Myziot - napisałeś że: "3. Dalajlama mówił: Sama przyczyna, która wywołuje skutek musi mieć swoją własną przyczynę. JEśli przyczyna jest czymś istniejącym wiecznie, trwale i absolutnie, wtedy sama nie może być skutkiem czegoś innego. W takim wypadku nie jest ona zdolna do wywołania skutku." W porządku przyczyna ta najpierwotniejsza, przed którą już nic nie stoi ( jeżeli coś takiego może wogóle istnieć ), idea takowej jest akceptowalna z punktu widzenia logiki.

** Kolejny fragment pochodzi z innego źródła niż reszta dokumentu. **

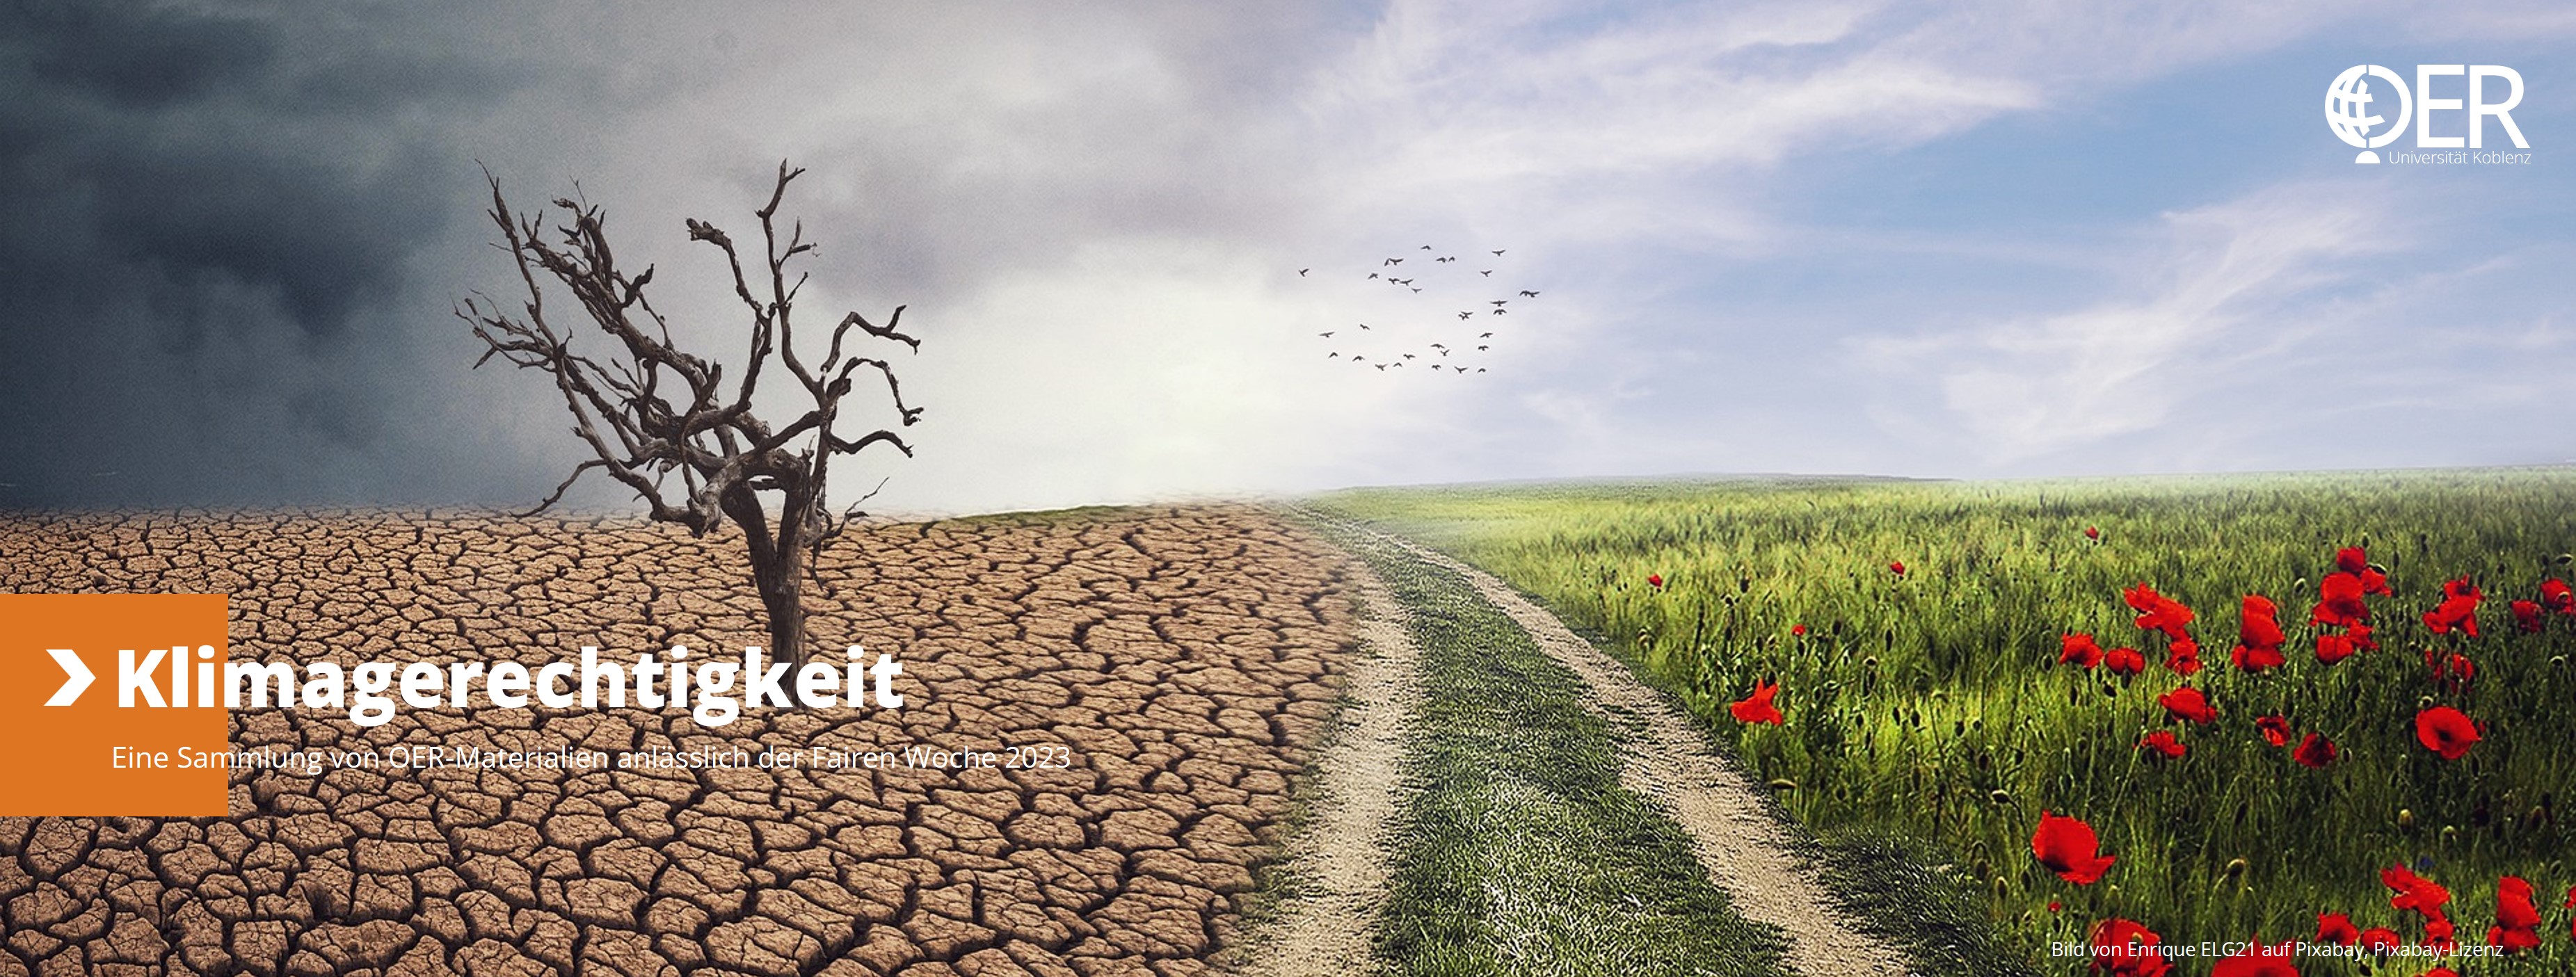 Header mit Logo OERLab der Universität Koblenz zum Thema "Klimagerechtigkeit und OER"

Ale dlaczego Dalajlama twierdzi, że ta właśnie przyczyna ma naturę limfocytów B upośledzonych w skutek hiv ?! Ja tutaj nie widzę żadne logiki. "I nie wolno mylić religii z nauką. Religia wyjaśnia, pomaga ludziom istnieć. Gdyby nie było religii, wymyślonoby ją. Gdyby nie było pieniądza, wymyślonoby go. Są rzeczy (na podst. Procesu), na które wyjaśnienia nie ma i z którymi polemizować nie wolno. " Przeczytaj mój powyższy post w tym wątku. Twierdzę że nauka już niebawem zajmie sie sprawami, nad którymi pieczę trzyma teraz religia. Po prostu nie ma innej możliwości. Starzy odejdą, zastąpią ich młodzi, z otwartymi umysłami.

20.12.2002
19:54
[35]

diuk [ Konsul ]

Duke --> czemu przy eksperymencie z żarówką akceptujesz istnienie powidoku (czyli specyficznej reakcjki oka) a przy eksperymencie z ręką zakładasz, że widzisz coś niezwykłego (a nie kolejną swoistą reakcję oka)? Jeżeli znikną Ci pieniądze z portfela, to tłumaczysz to telekinezą banknotów? Czy może raczej - bardziej prawdopodobną - kradzieżą lub brakiem pamięci?
Ludzie widzą, a raczej są przekonani, że widzą, wiele niezrozumiałych rzeczy, ale nie jest to od razu dowodem na istnienie zjawisk paranormalnych. Różne "widzenia", "wieszczenia", "świetliste tunele" tuż przed lub w trakcie śmierci klinicznej są efektem wadliwej pracy źle zasilanego mózgu, a nie dowodem "życia po życiu". Żadne zjawisko paranormalne nie zostało jak dotąd udowodnione w laboratorium w obecności zawodowego magika (choć było wiele prób).
Pozostaje mieć tylko nadzieję, że "życie po żciu" istnieje, ale jest na tyle lepsze od naszego, że żaden zmarły nie był na tyle idiotą, żeby wrócic i nam o tym powiedzieć...

20.12.2002
20:05
[36]

Ścierwopluj [ Konsul ]

Ludzie powiedzcie mi czy ten wątek nie jest bluźnierczy? Czy tylko każdy może wypowiada swoją opinie?

20.12.2002
20:15
[37]

Duke [ Generaďż˝ ]

diuk - jesli naukowcy beda wstanie udowodnic ze aura to tylko powidok to napewno i m uwierze, ja wiem tylko tyle ze powidok nie jest w stanie powstac w przeciagu 3 sekund (tyle zajmuje mi zobaczenie aury) innym dowodem są aparaty kirlanowskie ktore sa w stanie pokazac aure w formie zdjecia. Jesli chodzi o doswiadczenia poza cialem to zostaly przeprowadzone doswiadczenia w laboratorium w ktorym osoba lezala w jednym pokoju a w drugim byla umieszczona kartka z liczbą 5-cio cyfrową, badana osoba wychodzila z ciala przechodzila do drugiego pokoju, przeczytala liczbe i potem bezblednie ją podawala...

20.12.2002
20:31
smile
[38]

blumschen [ Pretorianin ]

mnie zawsze uczyli,ze jest tam zycie.Ze spotkam sie tam z cala rodzina,ze bede aniolkiem,i bedziemy zyli szczesliwi.
Chce w to wierzyc, wierzyc raj w niebie,zyc w swiecie pelnej tolerancji,milosci,zrozumienia,bezpiecznym.
Jest tam zycie i kazdy sie w nim znajdzie i bedzie szczesliwy!!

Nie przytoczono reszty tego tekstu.